Знамя газавата на Северном Кавказе поднял Кази-мулла, первый имам Дагестана. После его смерти от руки русского солдата новым имамом стал Гамзат-Бек, Он, в свою очередь, погиб в результате кровной мести аварских ханов, среди которых был известный в будущем отчаянный абрек Хаджи-Мурат. Избрали Шамиля.
Не всем он пришёлся по сердцу. Оставив ему Дагестан, в Чечню переехал наиб Кази-муллы, Ташив-хаджи, кумык родом из Эндирея. Он вступил в борьбу за звание духовного лидера ичкерийцев с другим абреком, Уды-муллой. Разгорелась междоусобная война.
Не только не было единства в стане мюридов. Не было единого мнения и среди народов Дагестана. Одни приняли власть русских, особенно, те, кто жил на равнинах. Вторые выжидали, не примыкая ни к кому. Третьи уже тайно засылали гонцов к Шамилю, впечатленные судьбой аула Миатлы.

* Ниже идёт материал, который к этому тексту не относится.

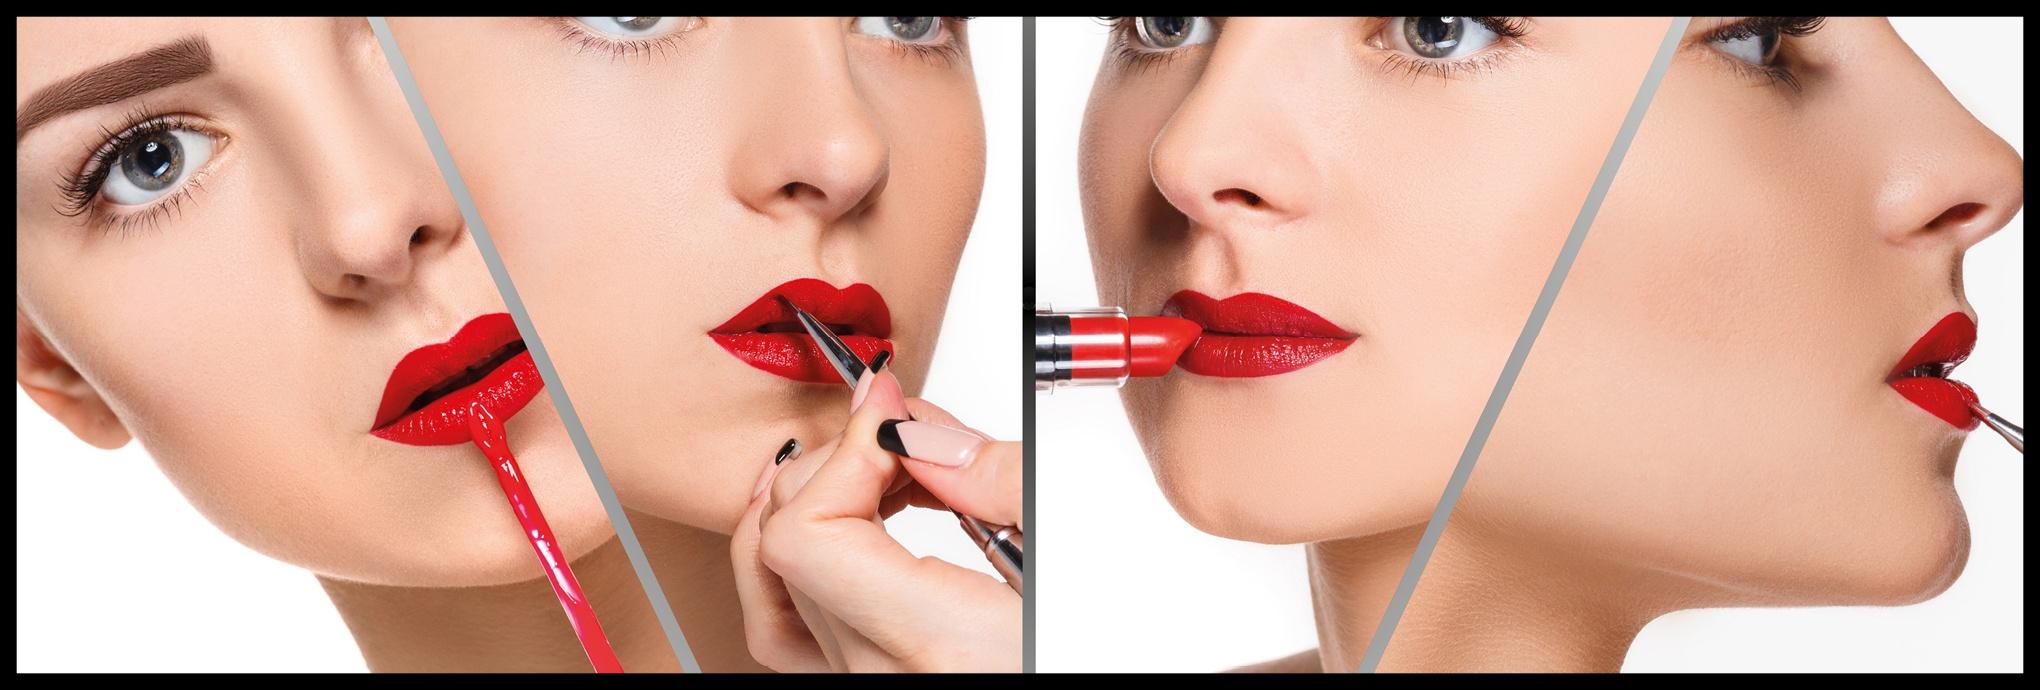 WMI_Search_Lipstick.jpg

Этим разбродом и шатанием планировал воспользоваться Дорохов. Он рассчитывал столкнуть лбами салатаевцев с чеченцами или сторонников Ташив-ходжи с людьми погибшего Уды-муллы путем нехитрых провокаций. Но пока выжидал. Генерал Граббе хотел решить дело без крови, хотя и сомневался, что из этого выйдет что-то путное. Павел Христофорович не хотел заслужить в глазах русского общества и на Кавказе репутацию непримиримого и безжалостного военачальника. Еще в марте он отправил в Чиркей мусульманского проповедника, богослова из Казани и муфтия Омаровой секты Тифлиса Тамудджина Мустафина, поставив перед ним задачу обуздать страсти и предостеречь горцев от восстания.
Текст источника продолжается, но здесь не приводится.